DATA PROVIDED -

◇ ◇ ◇ ◇ ◇

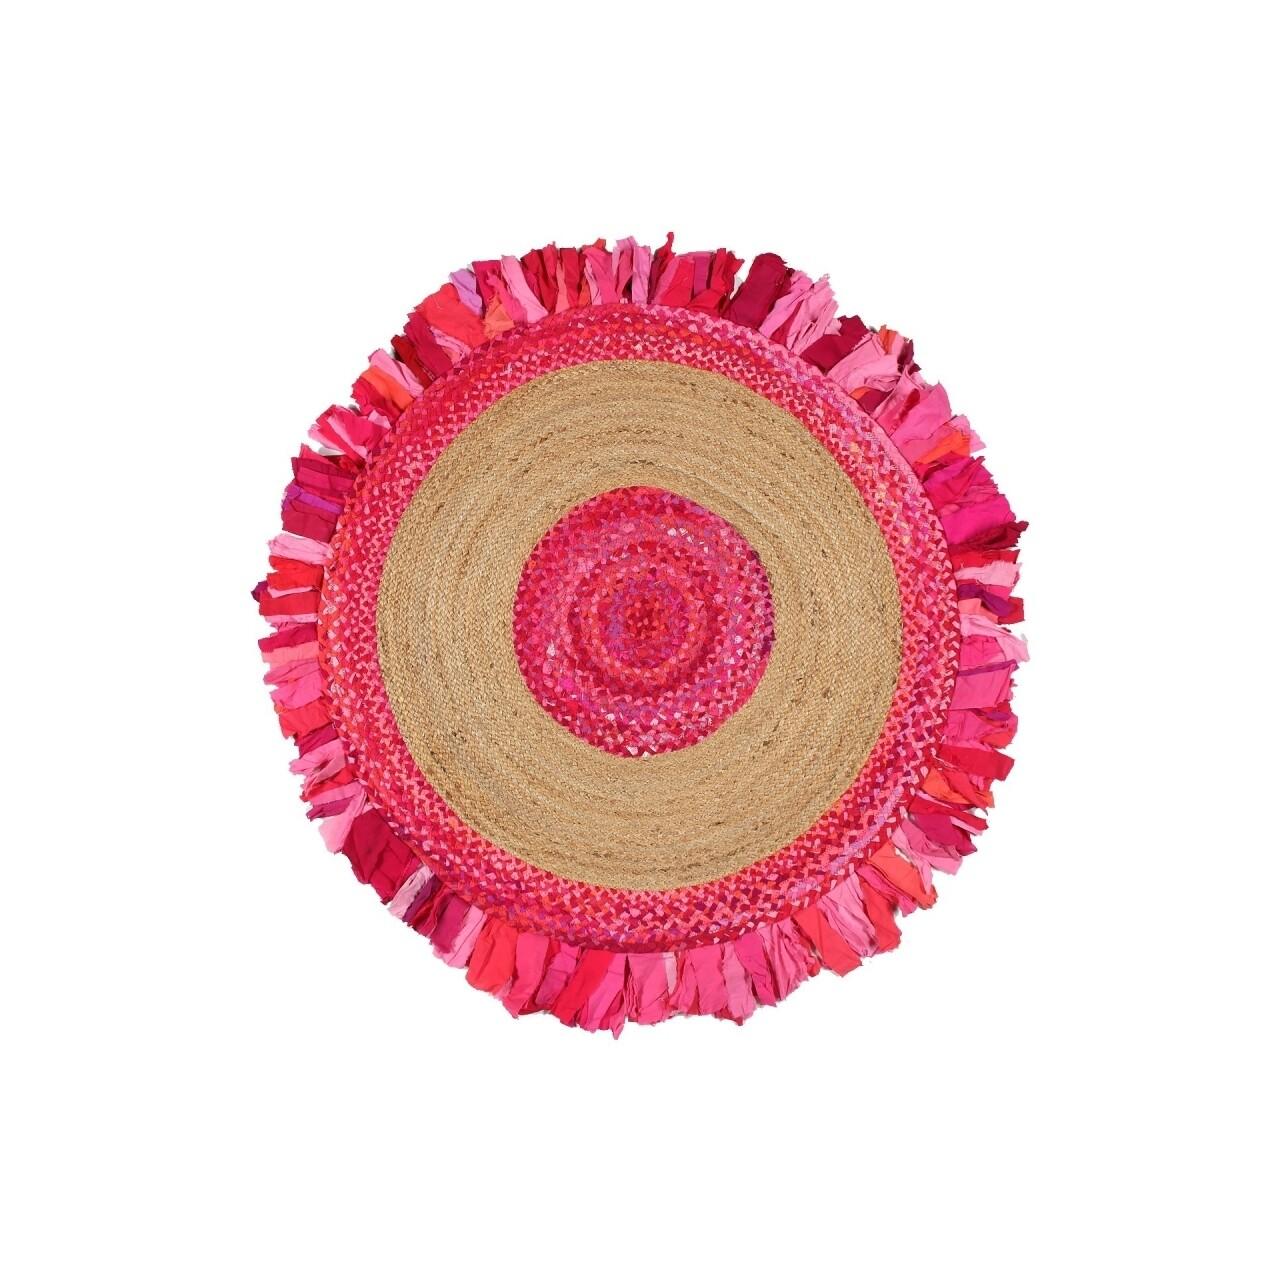 Covor lucrat manual Eko, MX 05 - Pink Q, 50% iuta, 50% bumbac,  150 cm Ø
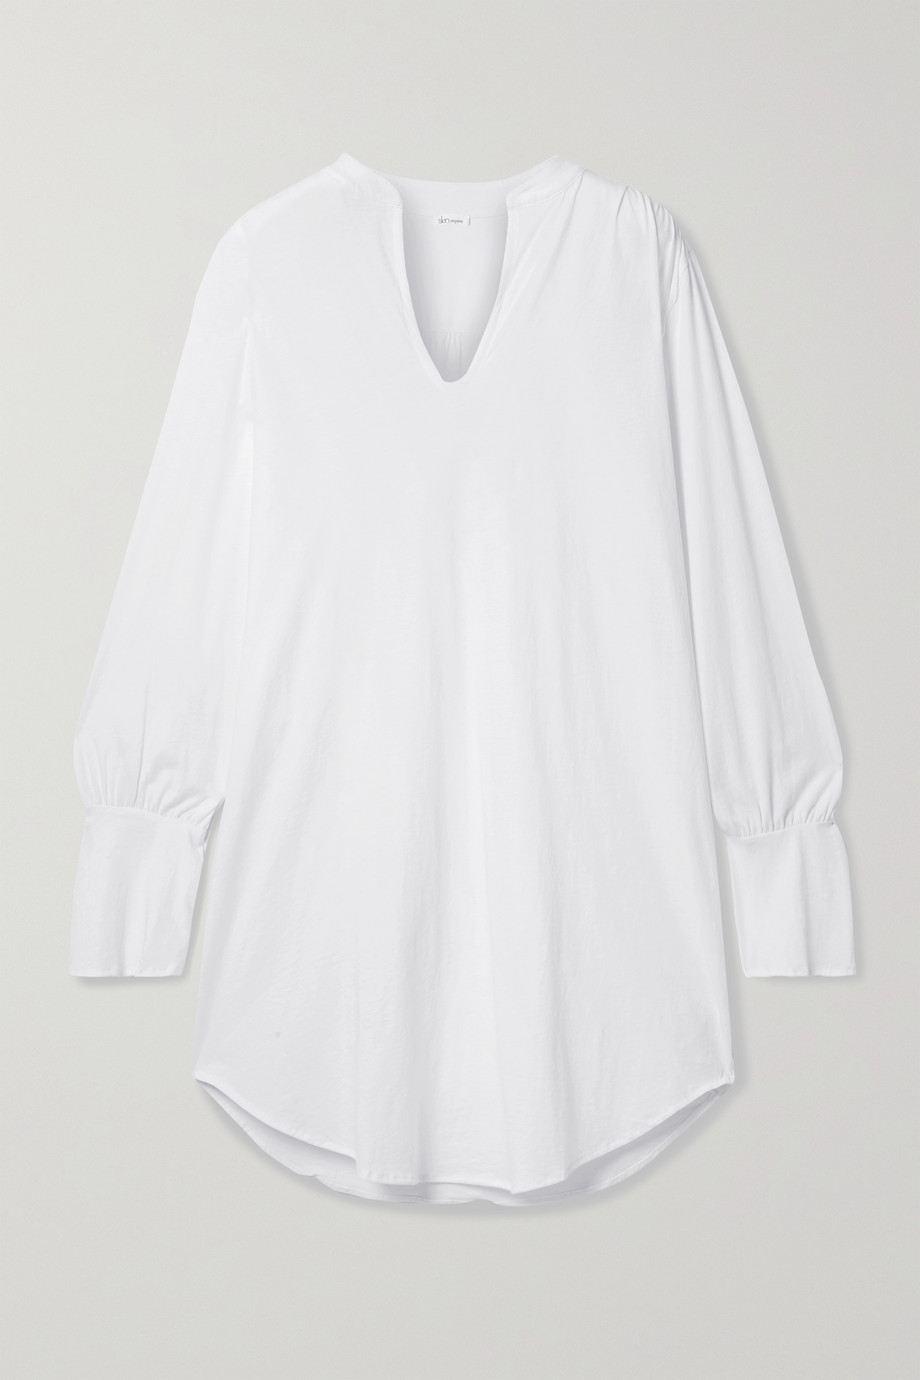 Skin + NET SUSTAIN Kyla organic Pima cotton-jersey pajama top
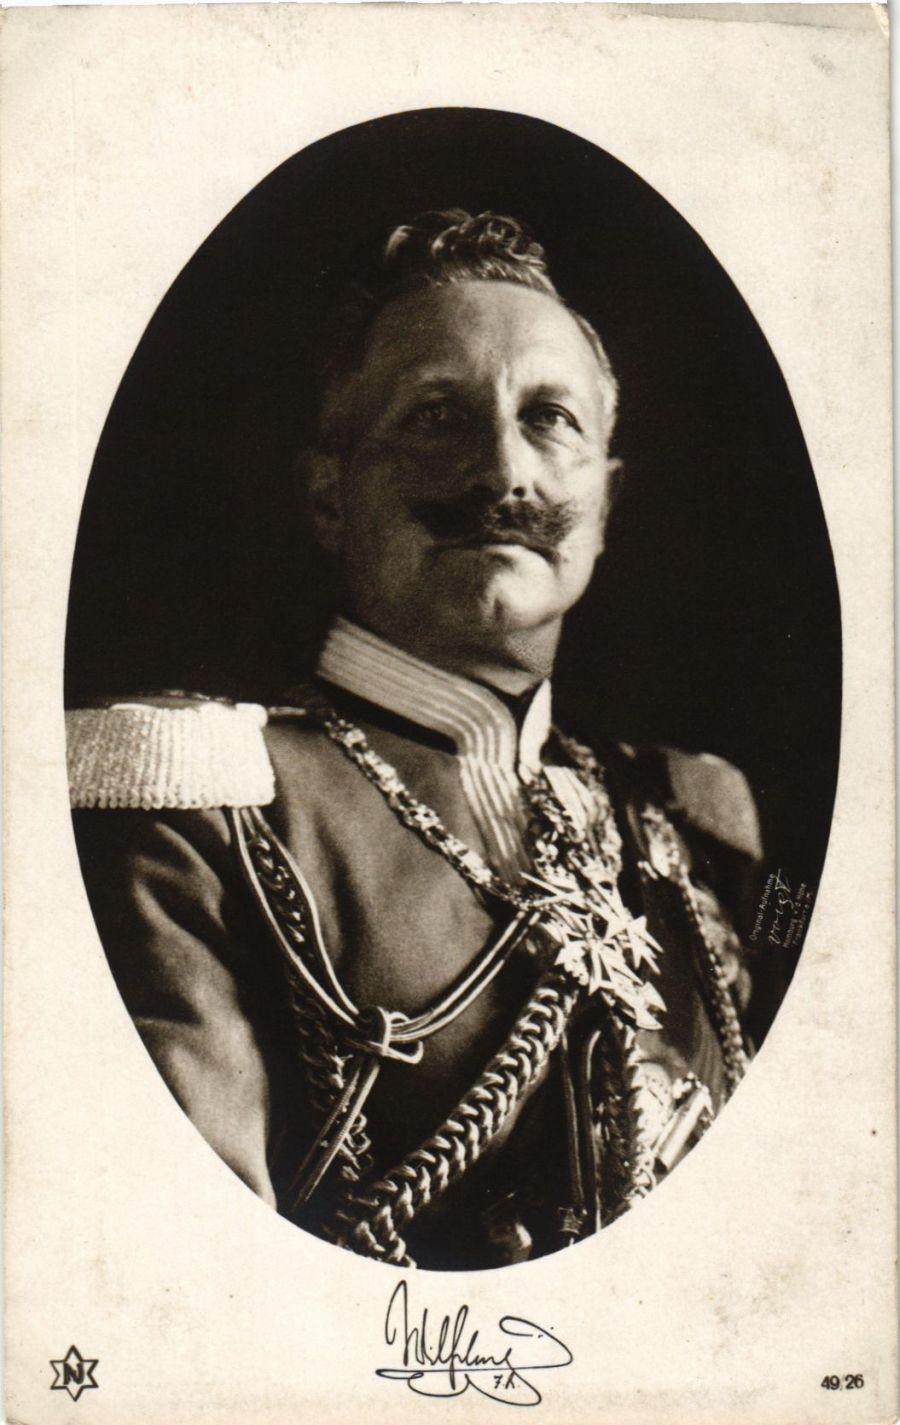 CPA-AK-Kaiser-Wilhelm-II-GERMAN-ROYALTY-867497
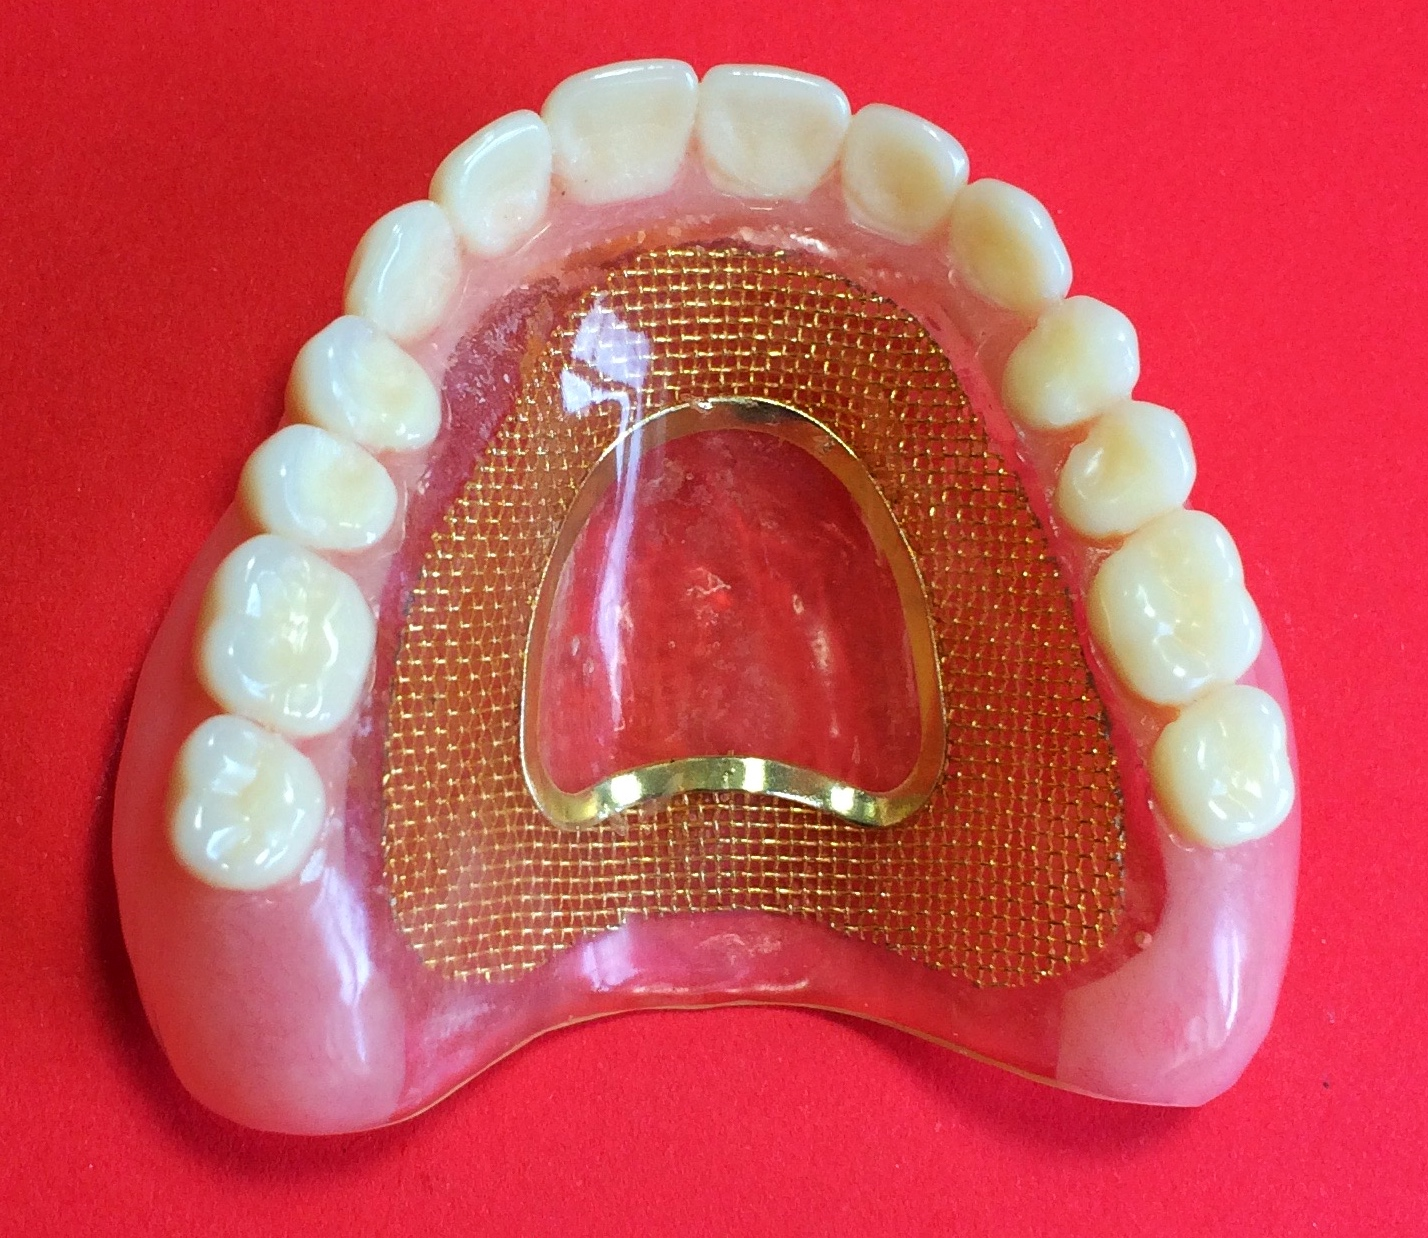 Ariana Dental Lab Denture Specialist Ariana Dental Lab Inc

◇ ◇ ◇ ◇ ◇

REQUIRED WORK - Could you repeat word for word only the lines from the one that contains "CPA-AK-Kaiser-Wilhelm-II-GERMAN-ROYALTY-867497" through the end of the listing, leaving out the pictures?

SOLUTION TO THE EXERCISE -
 CPA-AK-Kaiser-Wilhelm-II-GERMAN-ROYALTY-867497
 Ariana Dental Lab Denture Specialist Ariana Dental Lab Inc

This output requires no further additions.